Technical note added. If any revisions are required, please edit the "Technical Notes" field
accordingly. All revisions will be proofread by the Engineering Content Services team.
New Contents:
The multipathd daemon could have terminated unexpectedly with a segmentation fault on a multipath device with the path_grouping_policy option set to the group_by_prio value. This occurred when a device path came online after another device path failed because the multipath daemon did not manage to remove the restored path correctly. With this update multipath removes and restores such paths correctly.
An advisory has been issued which should help the problem described in this bug report. This report is therefore being closed with a resolution of ERRATA. For more information on therefore solution and/or where to find the updated files, please follow the link below. You may reopen this bug report if the solution does not work for you. http://rhn.redhat.com/errata/RHBA-2011-0725.html
Technical note updated. If any revisions are required, please edit the "Technical Notes" field
accordingly. All revisions will be proofread by the Engineering Content Services team.
Diffed Contents:
@@ -1 +1 @@
-The multipathd daemon could have terminated unexpectedly with a segmentation fault on a multipath device with the path_grouping_policy option set to the group_by_prio value. This occurred when a device path came online after another device path failed because the multipath daemon did not manage to remove the restored path correctly. With this update multipath removes and restores such paths correctly.+When a device path came online after another device path failed, the multipathd daemon failed to remove the restored path correctly. Consequently, multipathd sometimes terminated unexpectedly with a segmentation fault on a multipath device with the path_grouping_policy option set to "group_by_prio". With this update, multipathd removes and restores such paths as expected, thus fixing this bug.
|
Description of problem: The multipathd daemon on a RHEL6.1 host crashes during IO with fabric faults. We see the followig message in the syslog: kernel: multipathd[9675]: segfault at 170 ip 00000000004073f1 sp 00007ffba3544c60 error 4 in multipathd (deleted)[400000+10000] The stack trace is as below: (gdb) bt #0 0x00000000004073f1 in update_prio (pp=0x7ffa74000b80, refresh_all=1) at main.c:964 #1 0x0000000000407aff in check_path (vecs=0xc1bf30, pp=0x7ffa3c1330a0) at main.c:1116 #2 0x0000000000407db5 in checkerloop (ap=0xc1bf30) at main.c:1159 #3 0x00007ffba54497e1 in start_thread () from /lib64/libpthread.so.0 #4 0x00007ffba46bd78d in clone () from /lib64/libc.so.6 (gdb) Version-Release number of selected component (if applicable): RHEL6.1 Snapshot 2 - kernel-2.6.32-128.el6.x86_64 device-mapper-multipath-0.4.9-40.el6.x86_64 device-mapper-1.02.62-3.el6.x86_64 How reproducible: Frequently observed.

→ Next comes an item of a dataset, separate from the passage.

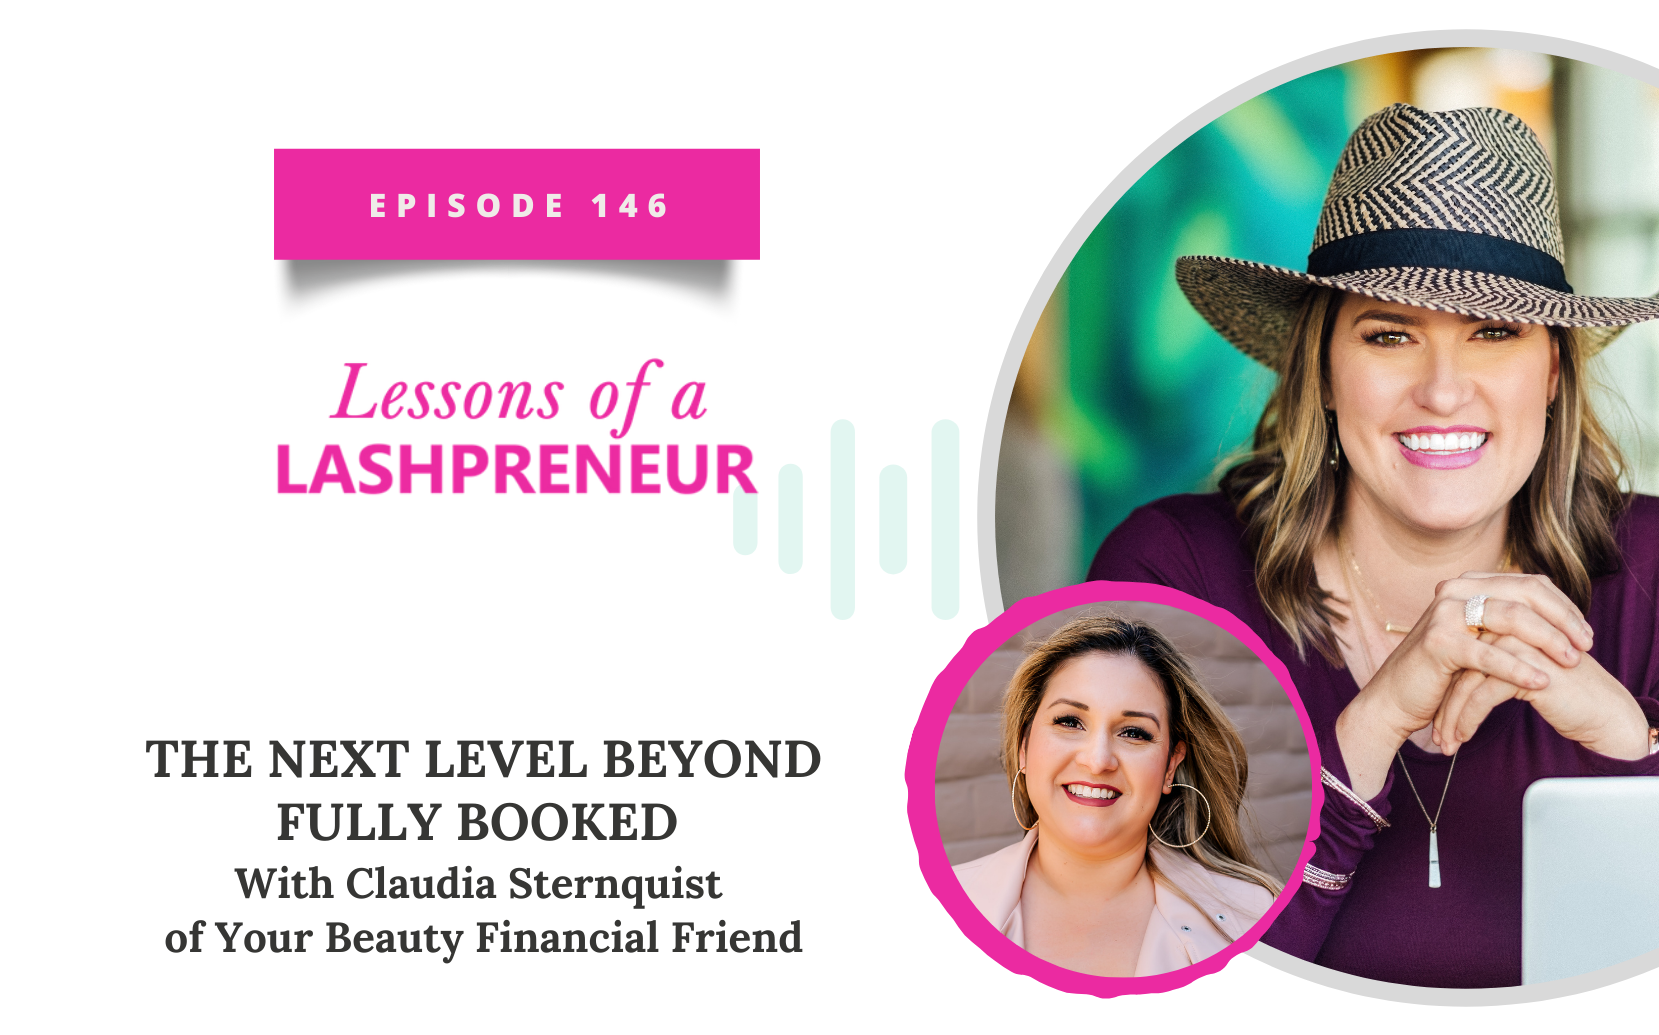 The Next Level Beyond Fully Booked  With Claudia Sternquist of Your Beauty Financial Friend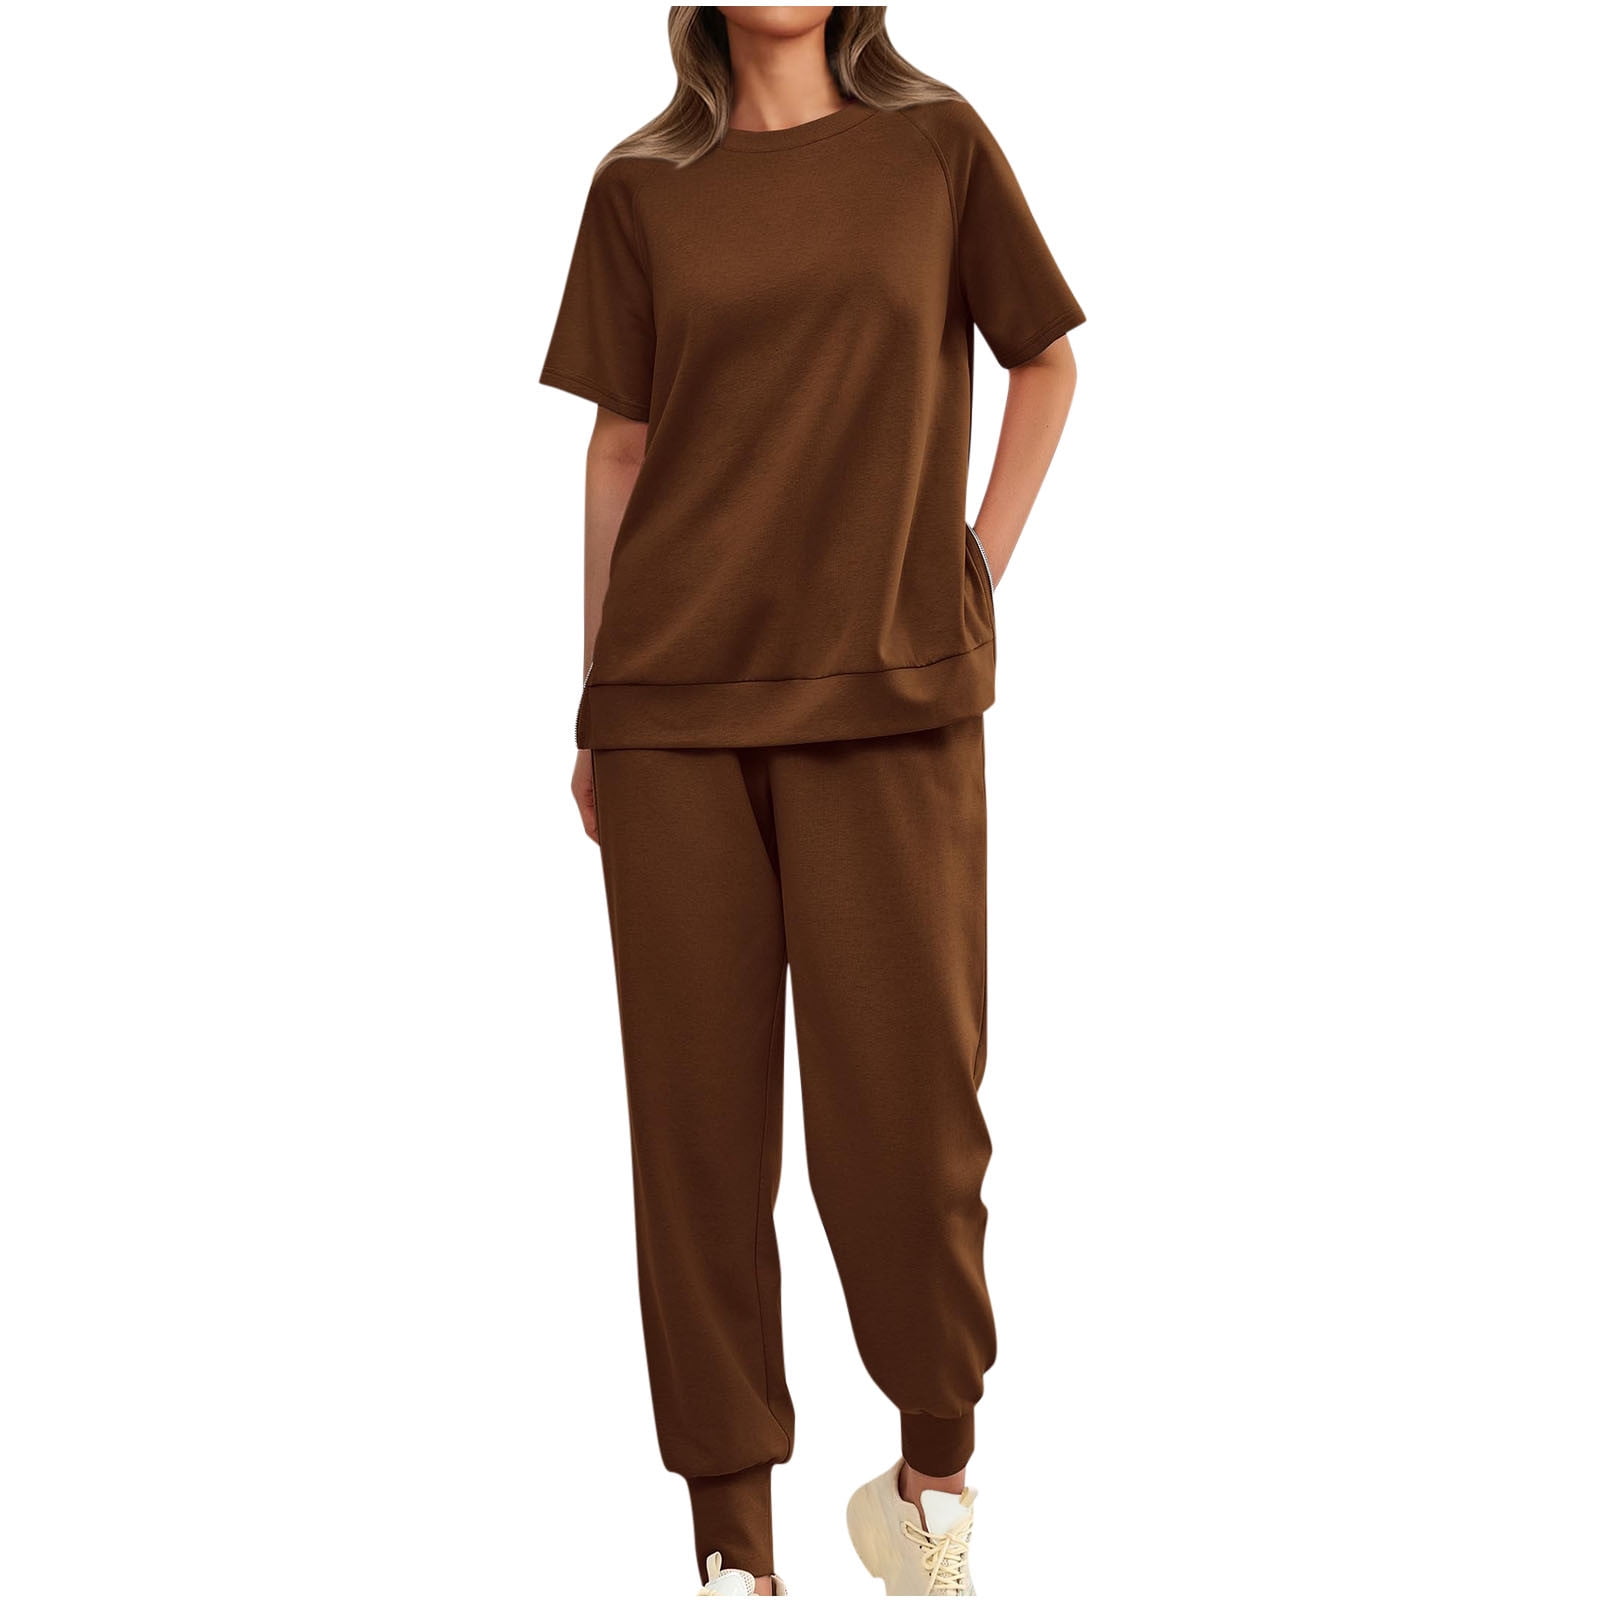 AherBiu Womens Sweatsuits Short Sleeve Side Slit Tops with Joggers ...

Steps to Reproduce: 1. Map 40 LUNs (with 4 FC paths each, i.e, 160 SCSI devices) from controllers and configure multipath devices on the host. 2. Create 5 LVs on the dm-multipath devices and start IO to the Lvs. 3. Introduce fabric faults repeatedly. Additional info: The multipath.conf, syslog and the core dump file are attached will be attached with the bugzilla.